IMPLEMENTING PSD2: A YEAR ON
CPE: To be confirmed
1.30pm until 5.00pm
Castille, Casa Leone, Floriana
PSD2 came into force in January 2018. Whilst the primary purpose is to increase efficiency in the payments industry, by promoting greater transparency for international payments and eradicating hidden fees, PSD2 has the ability to transform how consumers spend their money in future. PSD2 encourages competition in the financial services sector, by allowing greater participation in certain areas by non-banks, such as fintech companies, for the first time. As well as creating further opportunities for existing third party providers, PSD2 paves the way for the creation of many more.
Open Banking and PSD2 are closely related but separate regulatory requirements in the payments industry. They have a number of shared objectives and many common features, but also some significant differences.

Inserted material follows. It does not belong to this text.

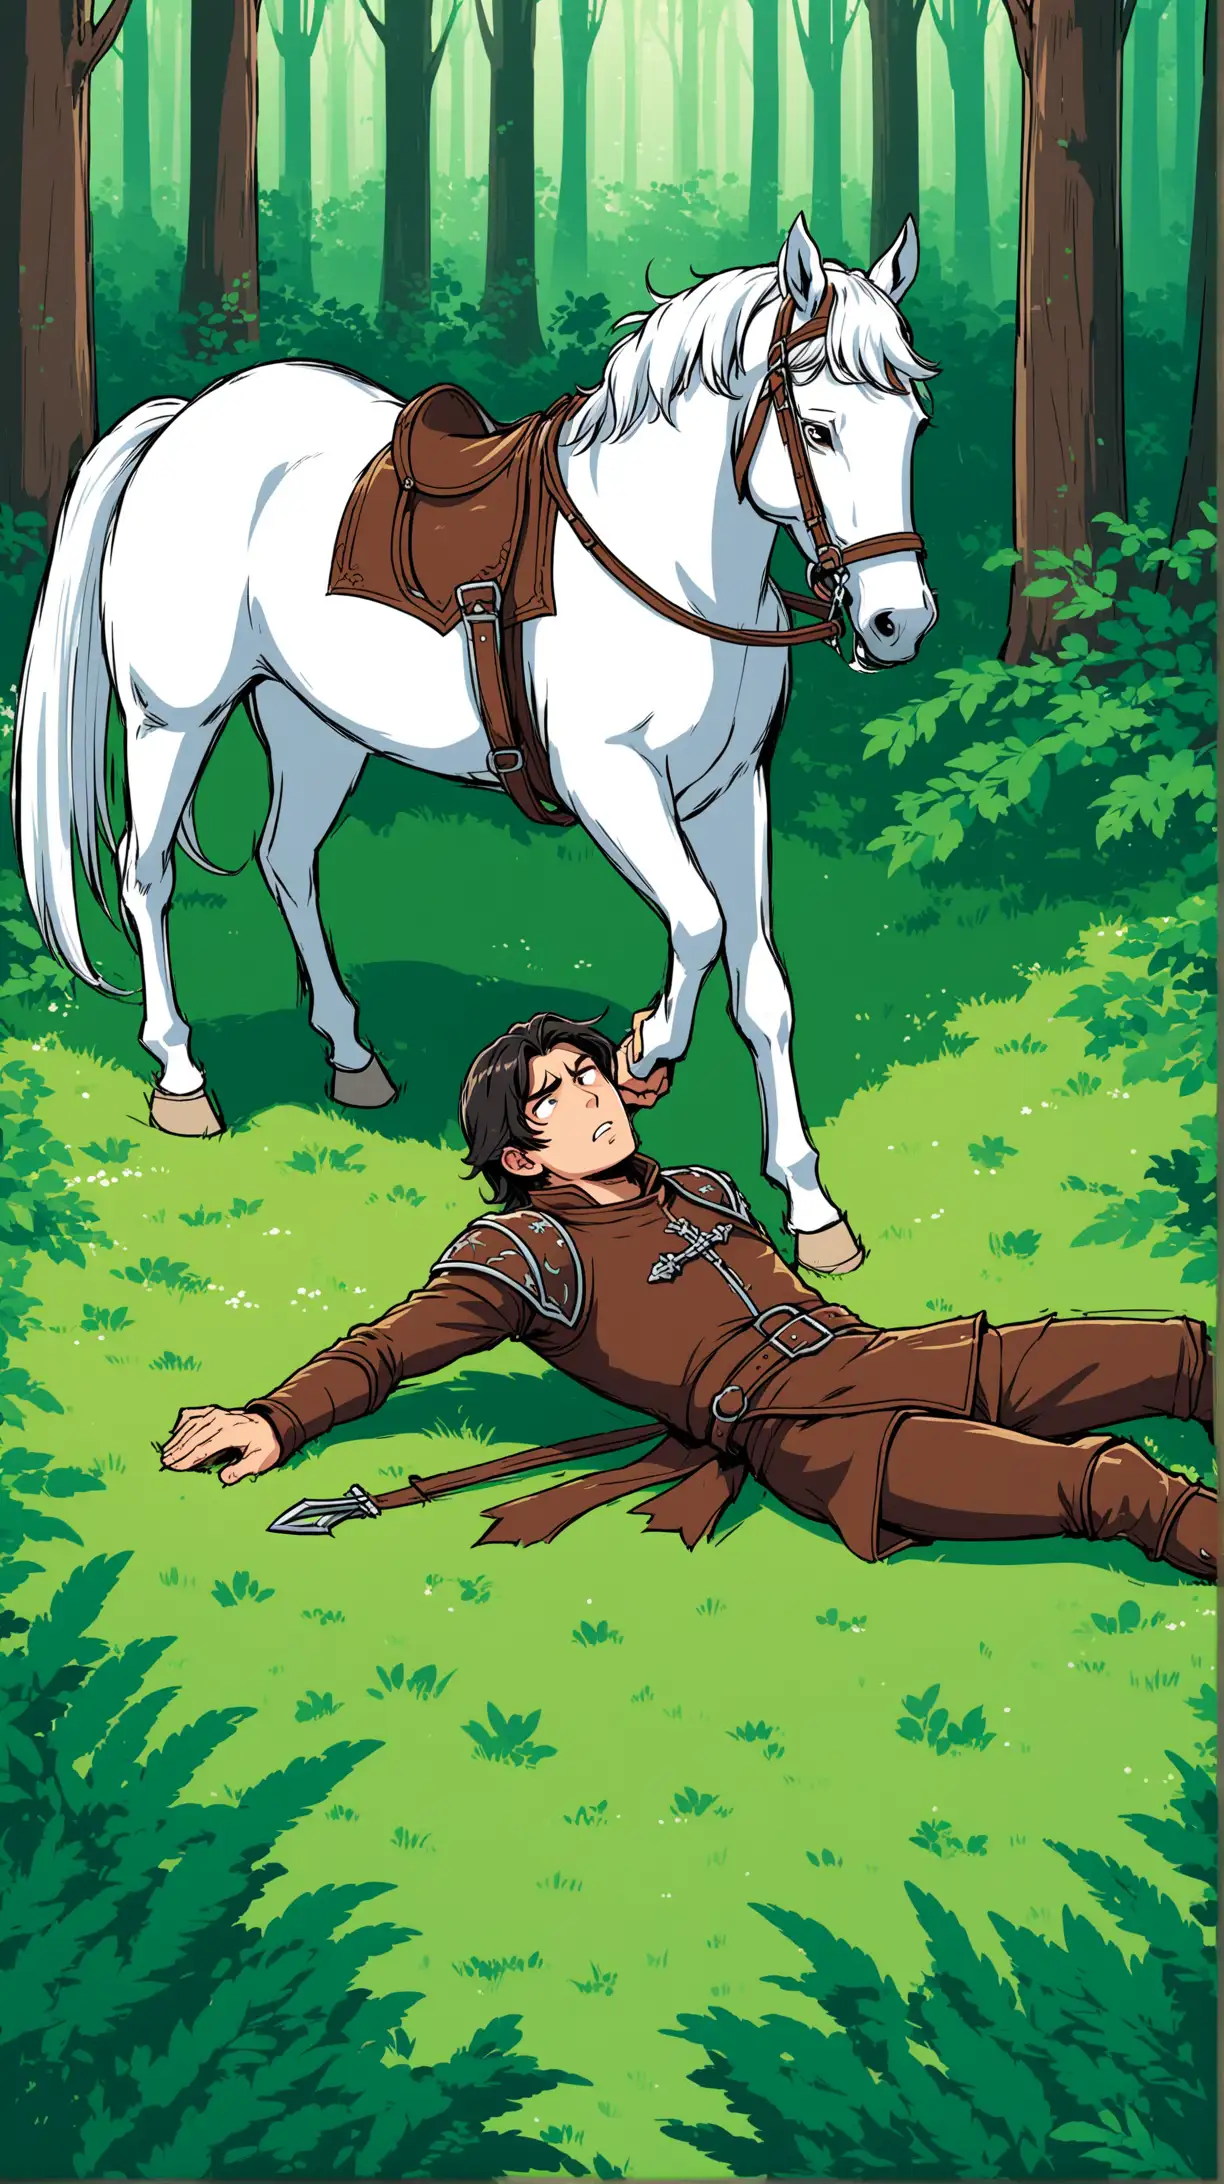 cartoony color. A hansome dark haired, brown leather clad medieval rider is hurt and on the ground  in a lush forest.   His white horse looks at him like he's an idiot
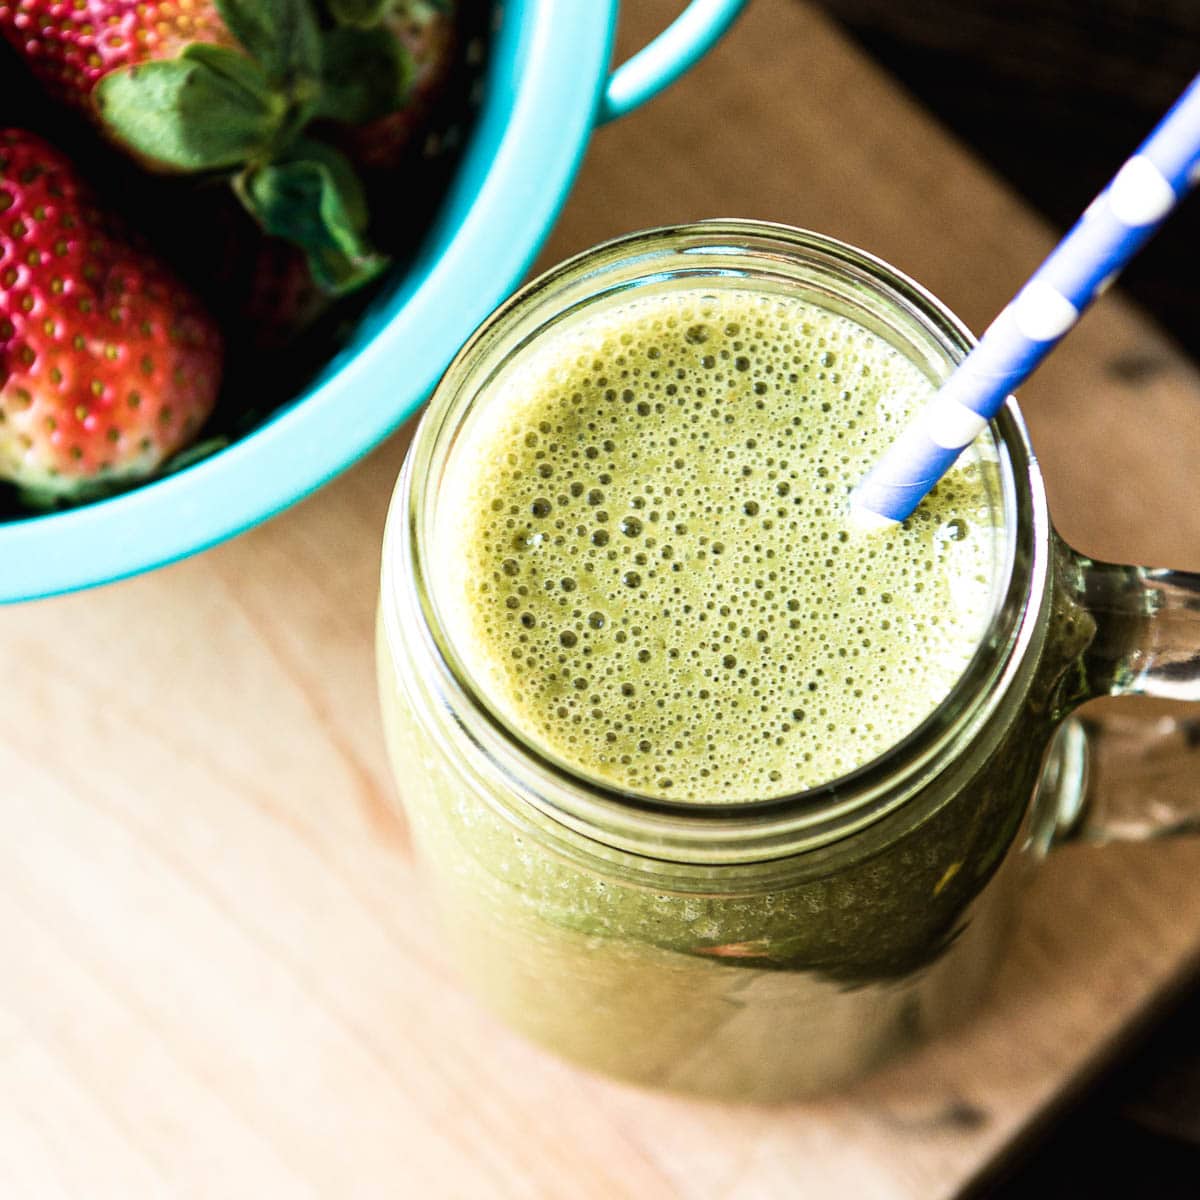 Spinach Strawberry Banana Smoothie - Simple Green Smoothies

Both initiatives seek to increase competition and encourage innovation in order to make payments easier and more secure, while ensuring an enhanced customer experience. Both introduce a number of important new regulated roles to be performed by service providers. These new functional roles bring with them some acronyms which can serve to confuse people unfamiliar with the subject. The overarching new regulatory status is a Third Party Provider (TPP). Banks, Fintech firms or even regular corporates, such as large retailers or online merchants, can become TPPs.